Ideally, Free Software projects would create their own Debian packages, but this becomes a
problem as well.  At some point a package may depend on something not available when Stable
was released and Unstable at some points moves fast enough that a package created today is
outdated next week, so it's unrealistic for Free Software projects to expend the man-hours to
sort this all out.

Perhaps this is an opportunity for an enterprising person or company--build unofficial Debian
packages of Free Software not in or not up-to-date in Debian and make them available for a
small fee.


to post comments

Exactly.

Posted Feb 1, 2008 7:31 UTC (Fri) by jd (guest, #26381) [Link] (3 responses)

It is unreasonable for Free Software projects to put in that level of extra work, but it would be entirely reasonable for corporations (who rely on getting bugfixes and security fixes as fast as possible) to invest in precisely this sort of work. In fact, it's insane for them not to, because they suffer more than anyone else. An hour downtime costs far more than an hour of QA and patch development.

One relatively cheap solution (for a corporation) is to produce a huge server farm, where multiple versions of packages are built, dependent on different valid parent packages. Package managers would need to be somewhat smarter, because they'd need to search multiple alternative versions to find the optimum permutation of valid packages, which may mean swapping an existing package for an alternative of the same version but with subtly different dependencies.
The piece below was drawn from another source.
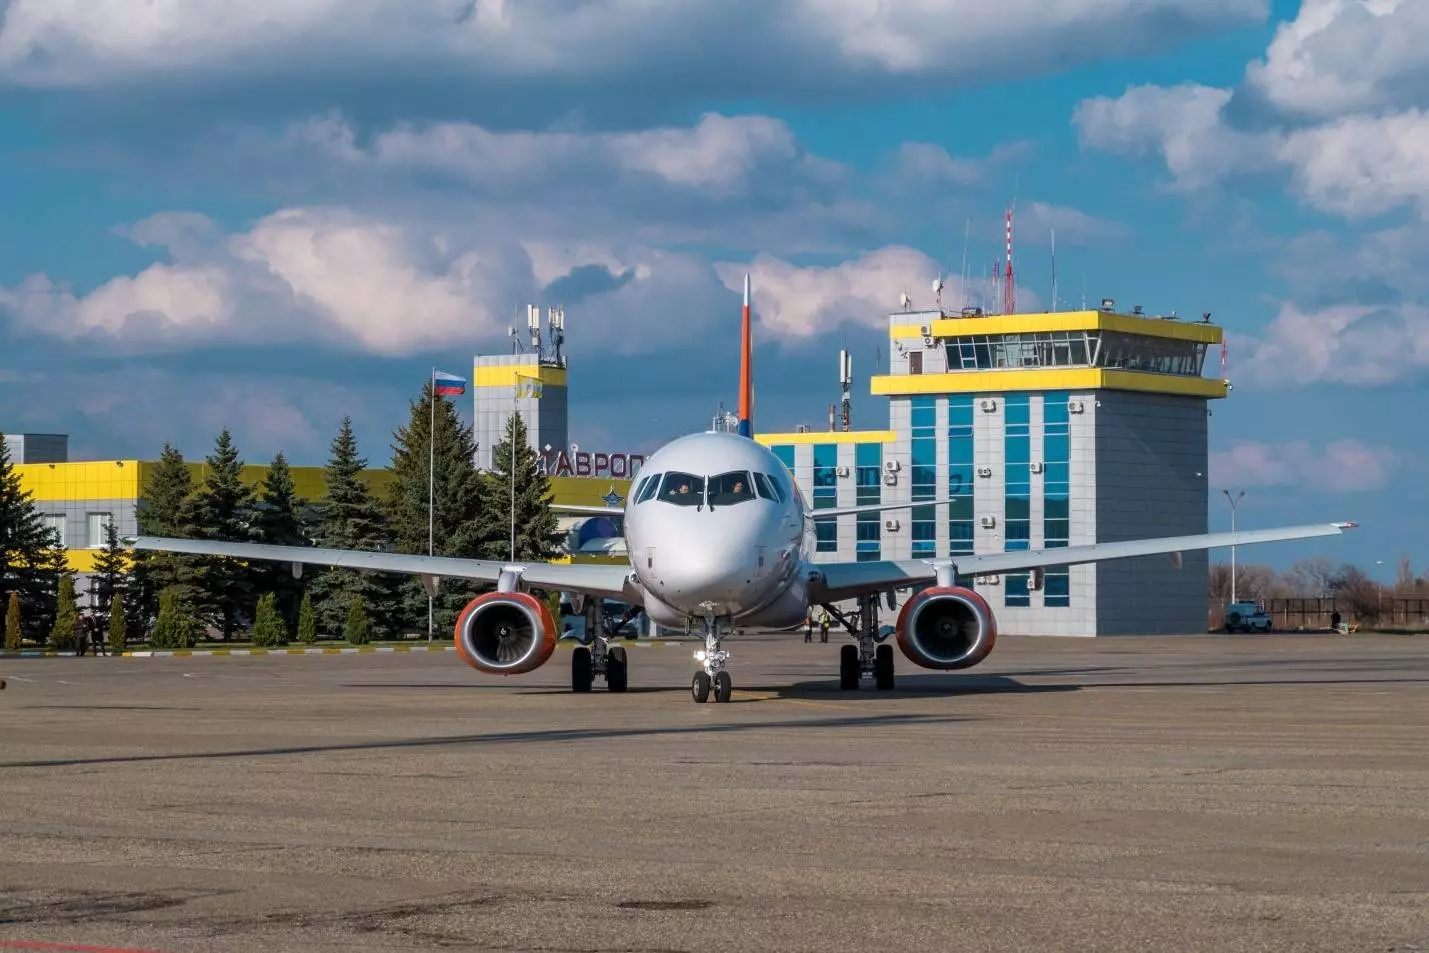 Основные данные, описание и фото международного аэропорта ставрополя. как добраться до шпаковского?

There are plenty of other options. What's really not an option (in my opinion) is to have distributions become overly specialized to remain fully working, or highly generalized (good) but dependent on people not staying up-to-date (bad). Users are likely to end up having to compile some things for themselves, the aim (I believe) should be to keep this to a minimum and to make it as painless as possible when it does happen.

Exactly.

Posted Feb 8, 2008 2:09 UTC (Fri) by vonbrand (subscriber, #4458) [Link] (2 responses)

I'm sorry, but "the corporations" that you want to pick up the slack do have a much narrower view than "the community". If said community doesn't want to pay for something, be it testing, packaging, whatever, it won't get done for the all-encompassing interest of something like the set of Debian users. And by "pay" I mean not necessarily money, but in effort.

The "corporations"

Posted Feb 8, 2008 19:25 UTC (Fri) by jd (guest, #26381) [Link] (1 responses)

...want to sell their products to Linux business users. They are there to make money, after all. Linux business users get the same Linux software everyone else gets, more-or-less. If that software is unreliable, business users won't use it, which means Linux products won't sell.

Why sell to Linux users in the first place? Too many variants of Unix, too many of which only have a subset of the features needed or wanted, too much competition from Microsoft and generally not much security. A unified baseline that has Linux has a key platform has far better odds of long-term survival. Provided it can be brought to some provable (rather than anecdotal) quality level.

But to do that, money must be spent on Linux QA. You've got to make people want Linux, want it so bad that alternatives aren't worthy of consideration. That won't happen until there has been some serious QA.

What if no QA happens at all? Then businesses will regard Linux as something vendors aren't interested in, and those businesses will go elsewhere, costing those vendors potential sales. Sure, it would be nice if the Debian community did more QA work, but really QA is a full-time job and most Debian deveopers have two or three of those already. It's a dirty job, but someone has to do it.

The "corporations"

Posted Feb 8, 2008 21:38 UTC (Fri) by vonbrand (subscriber, #4458) [Link]

Who says that the people selecting packages and building "enterprise" distributions don't do QA? They have to restrict the breadth of software offered if they want to keep some sanity in all. Yes, that means that it is very probable that "my favorite package" isn't in the supported set.